To cover the subject of new resins we were grateful to have two other presenters. First, Oliver Hardick (Puridify, recently acquired by GE) talked about his company’s innovative chromatography resin Fibroselect which, as described above, due to its fibrous structure allows for much faster cycling time as compared to spherical resins. He argued that this provides an advantage relative to other process development tools. In addition, they are looking to develop the resin for GMP manufacture. Andy Masters (GE) then presented on their new protein A resin called MabSelect PrismA which, over a period of 40 years, is the eleventh protein A resin that GE have developed to match the dynamics of manufacturing monoclonal antibodies at scale. The improvements of the new material over previous generations are the increased dynamic binding capacity (25-40% depending on residence time) as well as improved resistance to cleaning with hydroxide (0.5-1.0M NaOH).
Focusing on the challenges posed to downstream processing by antibody fragments as biotherapeutics was Gráinne Dunlevy who presented on the automation Crescendo Biologics employs to develop downstream processes for their Humabody® VH molecules, as well as clone picking and sample dilution. The implementation of plate and liquid handling robots increased sample throughput from cherry picking to purified product by 60× whilst increasing data quality as well. Jim Pullen representing FujiFilm Diosynth Biotechnologies (FDB) then spoke about their work on a Horizon 2020 (EU) project called Amecrys which intends to study the application of the aforementioned membrane crystalisation technology for purification. The company’s role in this project is to supply two model biotherapeutics for the project: an anti-CD20 monoclonal antibody and a VH domain antibody HEL4. For the former a platform, scaleable process is available so Jim’s presentation focussed on the optimisation of a downstream process for the latter, for which they only had an “academic” purification method. Using liquid handling and other HTP technology, he showed the development of scaleable processes on affinity and mixed mode resins.

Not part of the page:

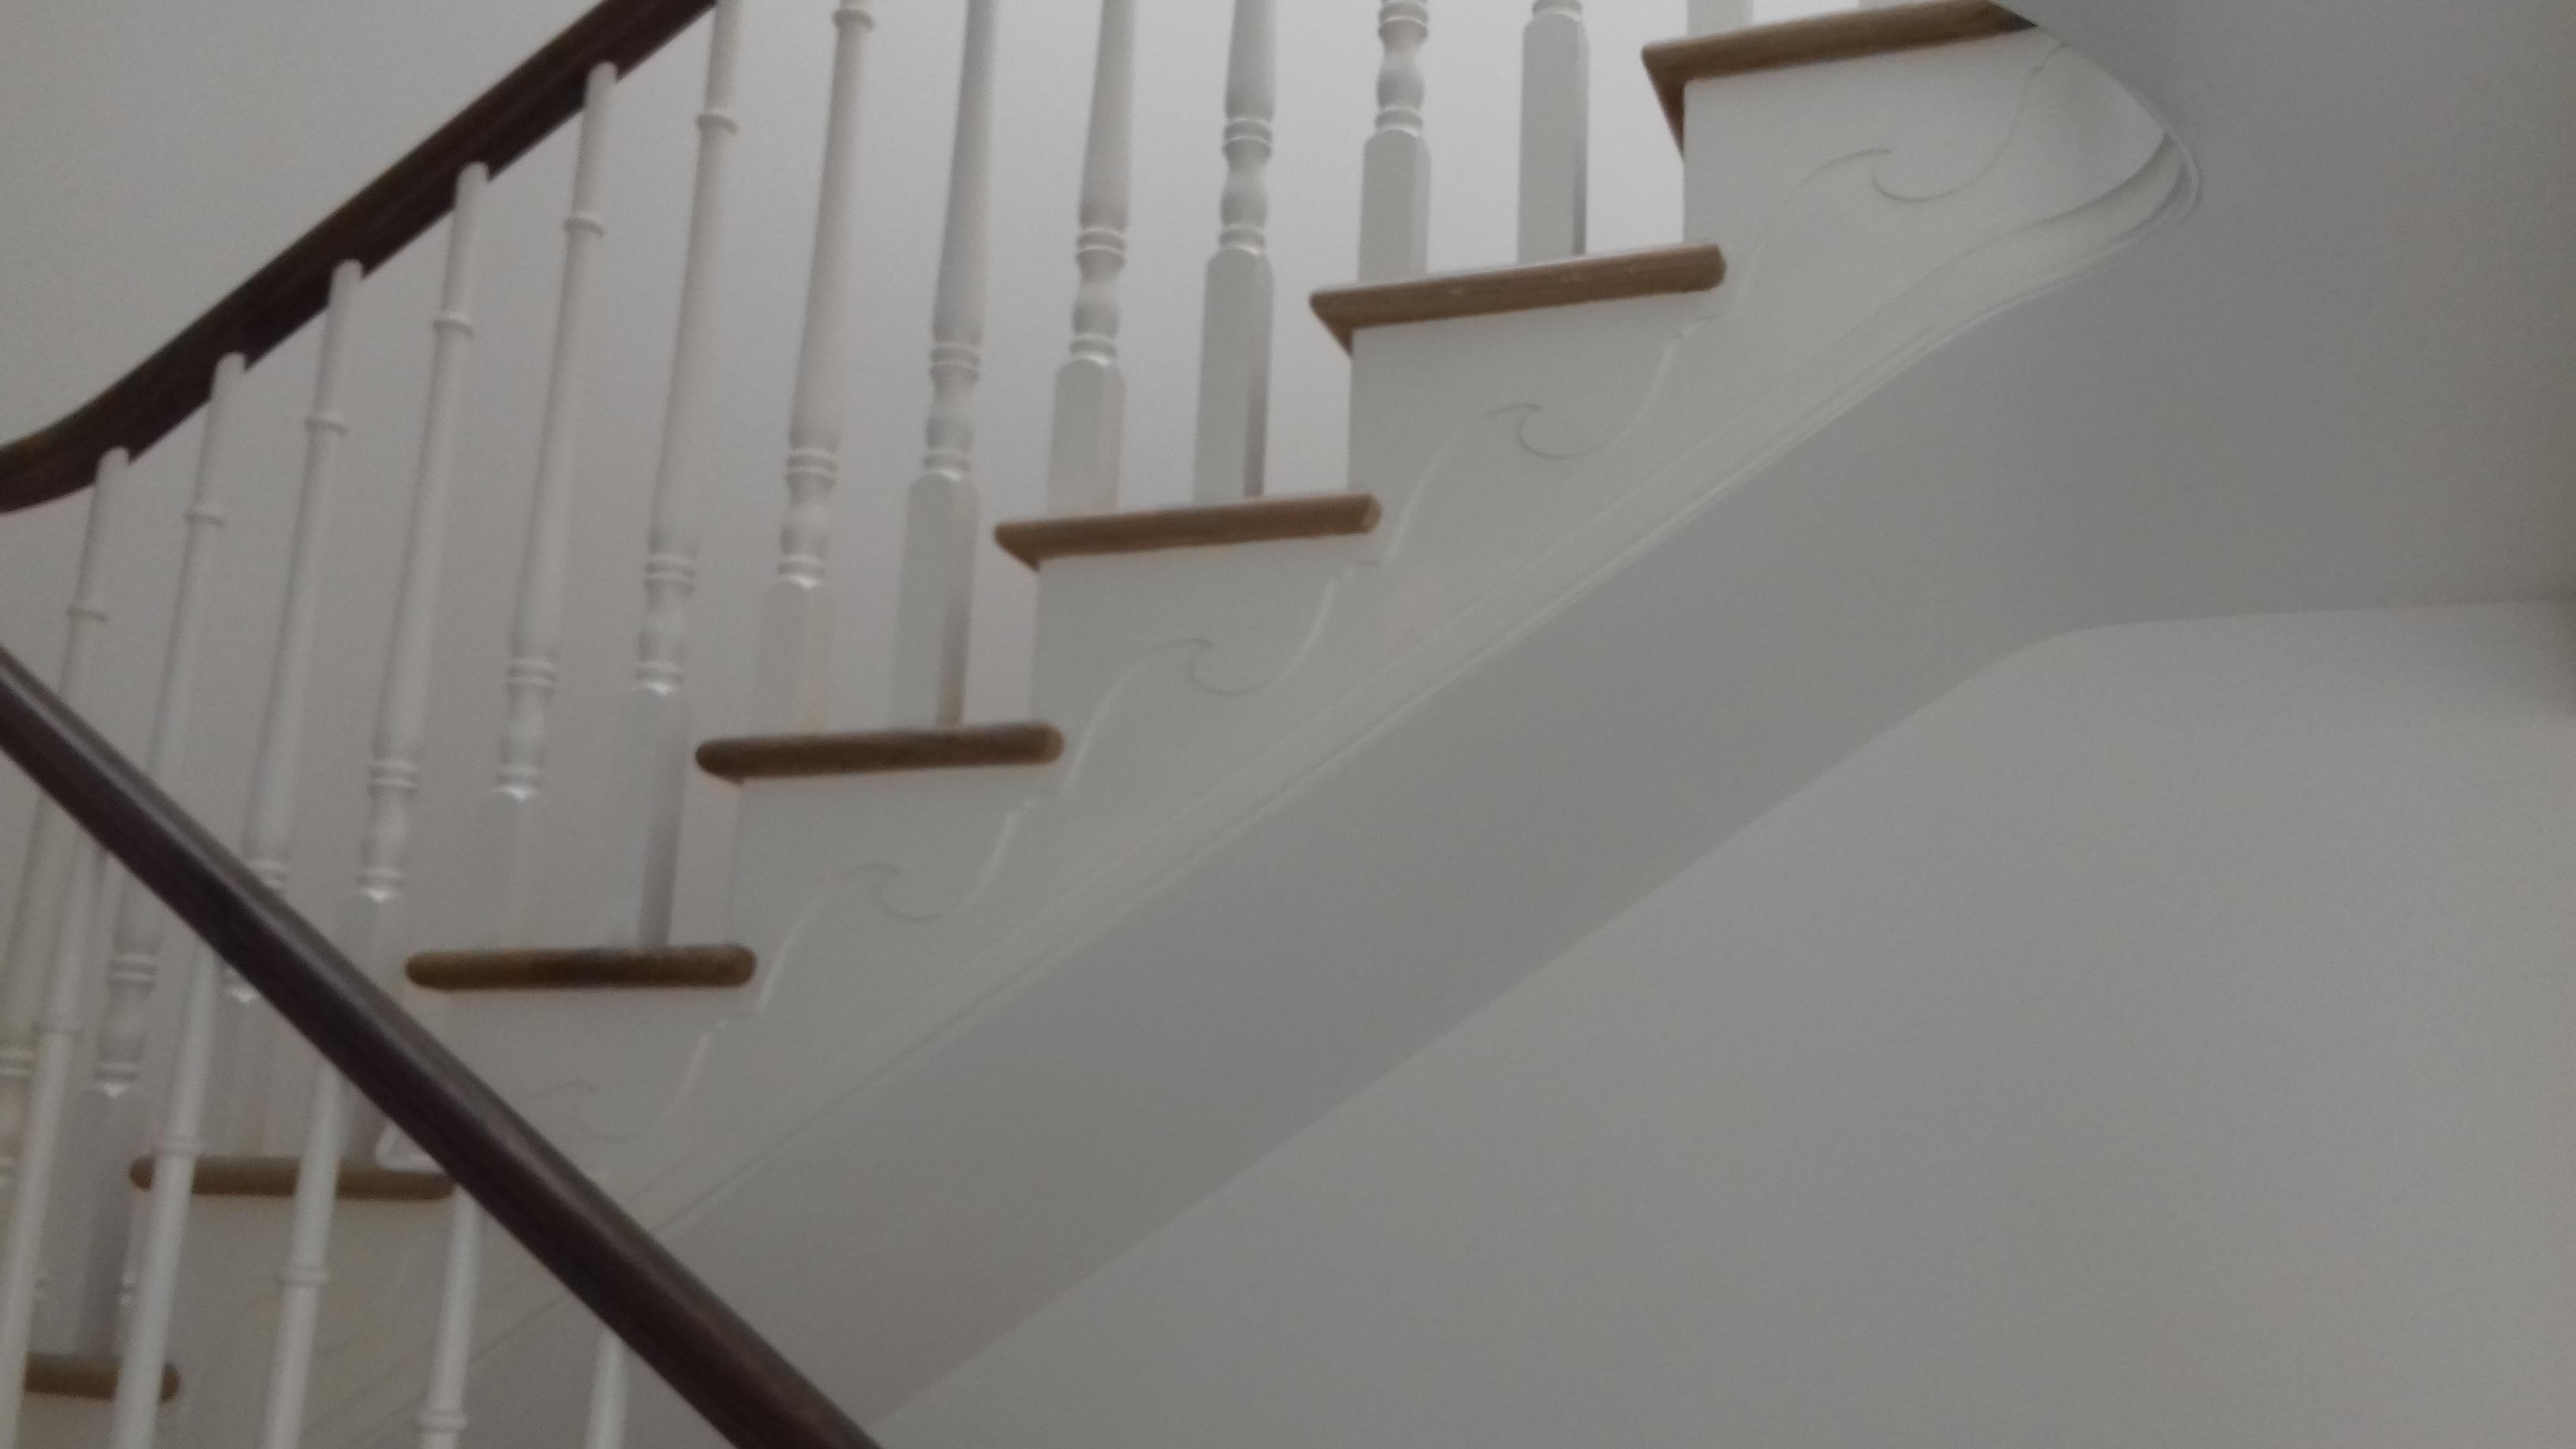 Stairs underside.

Ruth Rowland-Jones (GSK) then spoke about analytical approaches used in upstream bioprocessing. She presented case studies on the assessment of spectroscopy techniques. Raman spectroscopy came out as the superior tool and Ruth discussed potential applications to these technologies to downstream processing.
The final presentation of the day was given by Jelena Rusic (Cell and Gene Therapy Catapult) who introduced the Catapult and also presented analyses on the ease of optimisation and scalability of steps traditionally used in viral vector purification with a view of identifying those that can be used for GMP manufacture.
A lively and successful event was closed by Will Lewis (GSK) who thanked the organisers, contributors, attendees and sponsors of the event. Many positive conclusions were taken away from this collaborative event focussing on the future of downstream process development of next generation challenging proteins.